X_train, X_test, y_train, y_test = train_test_split(X, y, test_size=0.3, random_state=12)

In [4]:
cat_vars = ['data_channel_is_lifestyle', 'data_channel_is_bus',
               'data_channel_is_entertainment', 'data_channel_is_socmed',
               'data_channel_is_tech', 'data_channel_is_world', 'weekday_is_monday', 
               'weekday_is_tuesday', 'weekday_is_wednesday', 'weekday_is_thursday',
               'weekday_is_friday', 'weekday_is_saturday', 'weekday_is_sunday', 'is_weekend']

In [5]:
from sklearn.preprocessing import StandardScaler

In [6]:
scaler = StandardScaler()
X_train_cat = X_train[cat_vars]
X_train_cont = X_train.drop(columns=cat_vars, axis=1)
X_train_cont[X_train_cont.columns] = scaler.fit_transform(X_train_cont)
X_train_scaled = pd.concat([X_train_cat, X_train_cont], axis=1)

In [7]:
X_test_cat = X_test[cat_vars]
X_test_cont = X_test.drop(columns=cat_vars, axis=1)
X_test_cont[X_test_cont.columns] = scaler.fit_transform(X_test_cont)
X_test_scaled = pd.concat([X_test_cat, X_test_cont], axis=1)

In [8]:
from sklearn.ensemble import RandomForestClassifier
from sklearn.metrics import accuracy_score


In [9]:
rf = RandomForestClassifier(n_estimators=400)
rf.fit(X_train_scaled, y_train)
y_pred = rf.predict(X_test_scaled)
accuracy_score(y_test, y_pred)

0.6548680006726081

Create function to separate categorical and continuous data, scale continuous data, and return joined data

In [10]:
def sep_scale_combine(X, cat_vars):
    X_cat = X[cat_vars]
    X_cont = X.drop(columns=cat_vars, axis=1)

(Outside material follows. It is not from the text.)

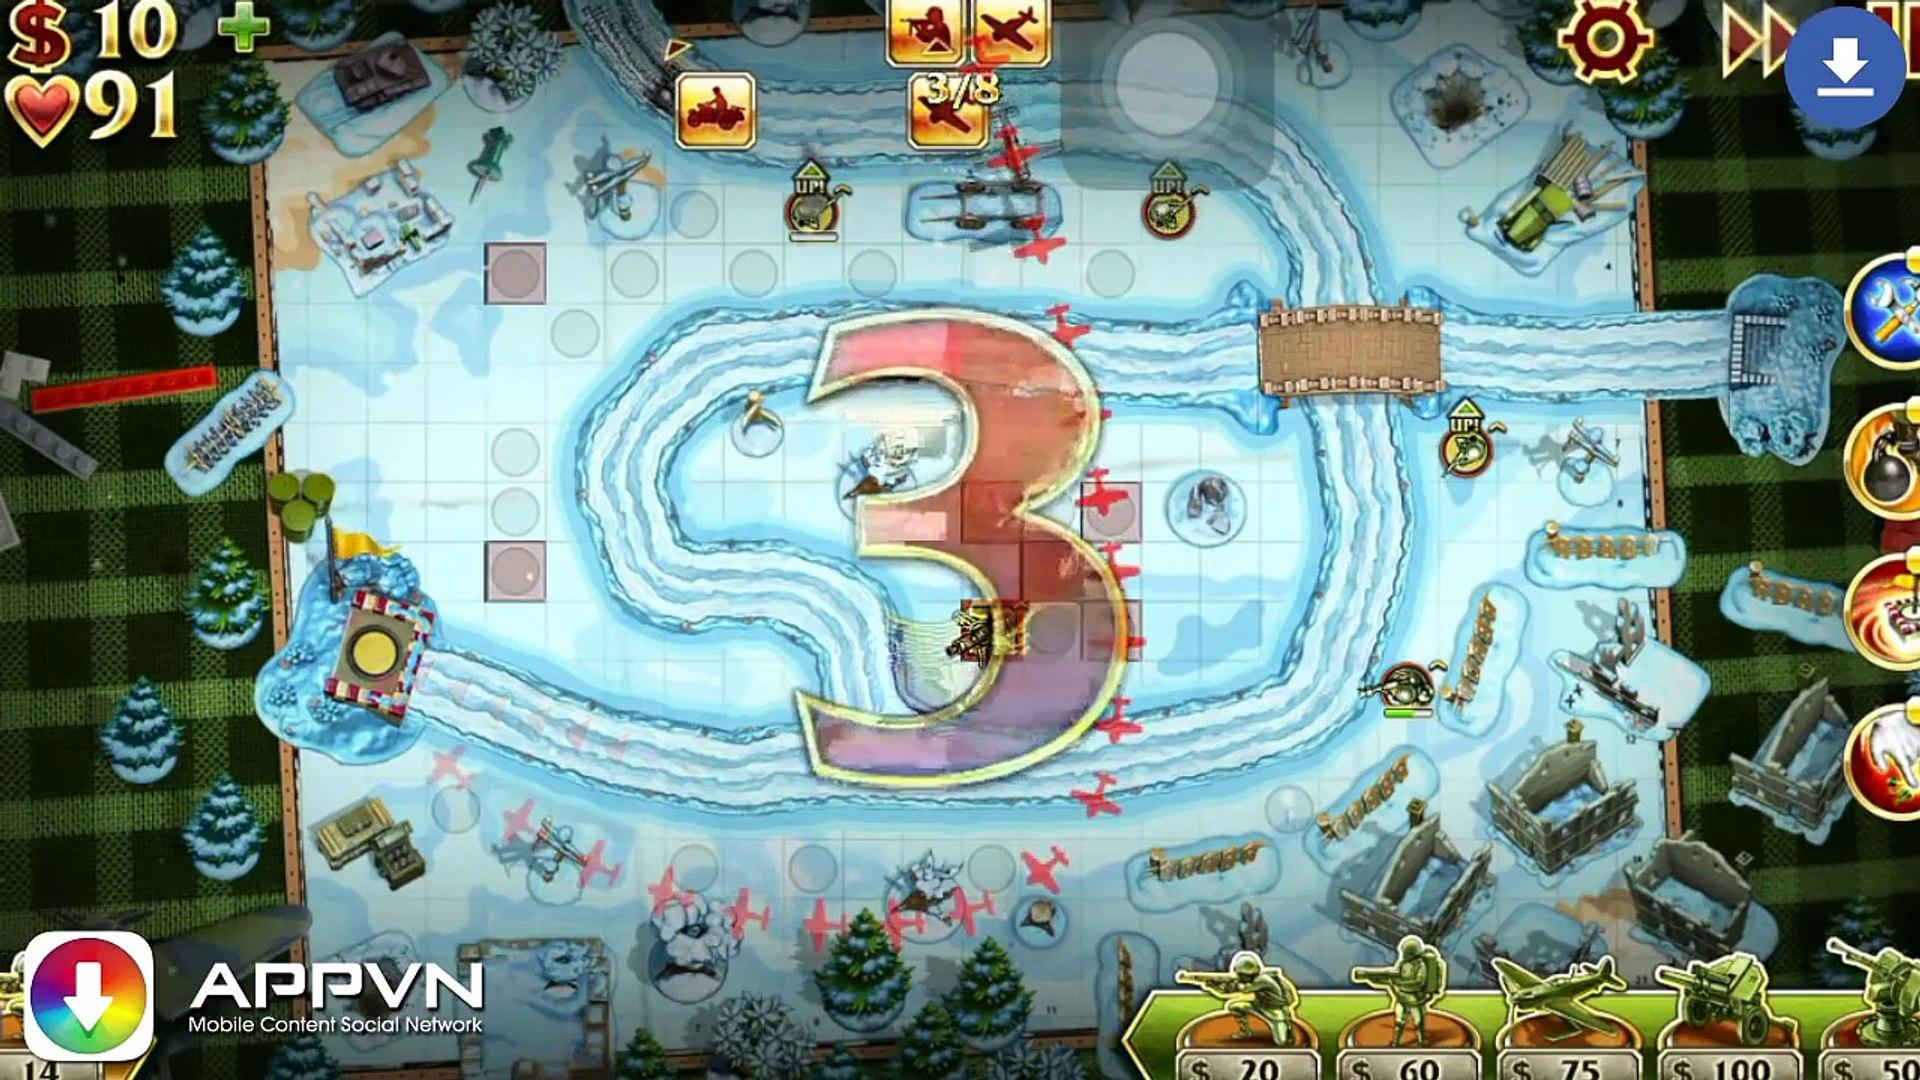 [Game IOS] Toy Defense 2 - Thủ thành chiến tranh thế giới - AppStore.Vn

    X_cont[X_cont.columns] = scaler.fit_transform(X_cont)
    X_scaled = pd.concat([X_cat, X_cont], axis=1)
    return X_scaled

Moving window run with previously optimized hyperparameters and then again with newly optimized hyperparameters.

In [12]:
index_min = 0
index_max = 10000
rf = RandomForestClassifier(n_estimators=1000, max_depth=30, min_samples_leaf=1)
rf_predictions = pd.DataFrame(columns=['y_actual', 'y_predict'], dtype=int)

while index_max <= 39000:
    X_train_rf = X.iloc[index_min : index_max]
    X_train_rf_scaled = sep_scale_combine(X_train_rf, cat_vars)
    y_train_rf = y.iloc[index_min : index_max]
    
    X_test_rf = X.iloc[index_max : (index_max + 1000)]
    X_test_rf_scaled = sep_scale_combine(X_test_rf, cat_vars)
    y_test_rf = y.iloc[index_max : (index_max + 1000)]
    
    rf.fit(X_train_rf_scaled, y_train_rf)
    y_predictions_rf = rf.predict(X_test_rf_scaled)
    y_actual_and_predict_rf = pd.DataFrame({'y_actual': y_test_rf, 'y_predict': y_predictions_rf})
    rf_predictions = rf_predictions.append(y_actual_and_predict_rf, ignore_index=False)
    index_min += 1000
    index_max += 1000

In [13]:
accuracy_score(rf_predictions['y_actual'].values, rf_predictions['y_predict'].values)

0.6540952637970584

In [11]:
X_scaled = sep_scale_combine(X, cat_vars)
X_train_scaled, X_test_scaled, y_train_scaled, y_test_scaled = train_test_split(X_scaled, y, test_size=0.3, random_state=15)

rf_scaled = RandomForestClassifier()
rf_params_scaled = {'n_estimators': [200, 400, 750, 1000], 'max_depth' : [15, 20, 30], 'min_samples_leaf' : [1, 5, 10]}
gsRf_scaled = GridSearchCV(estimator=rf_scaled, param_grid=rf_params_scaled)

gsRf_scaled.fit(X_train_scaled, y_train_scaled)
print(gsRf_scaled.best_params_ )
gsRf_scaled.predict(X_test_scaled)
print(gsRf_scaled.score(X_test_scaled, y_test_scaled)) # Accuracy

{'max_depth': 30, 'min_samples_leaf': 1, 'n_estimators': 1000}
0.6787455860097528


Training data has an accuracy of 68% while testing data has an accuracy of 65%. Does not generalize well.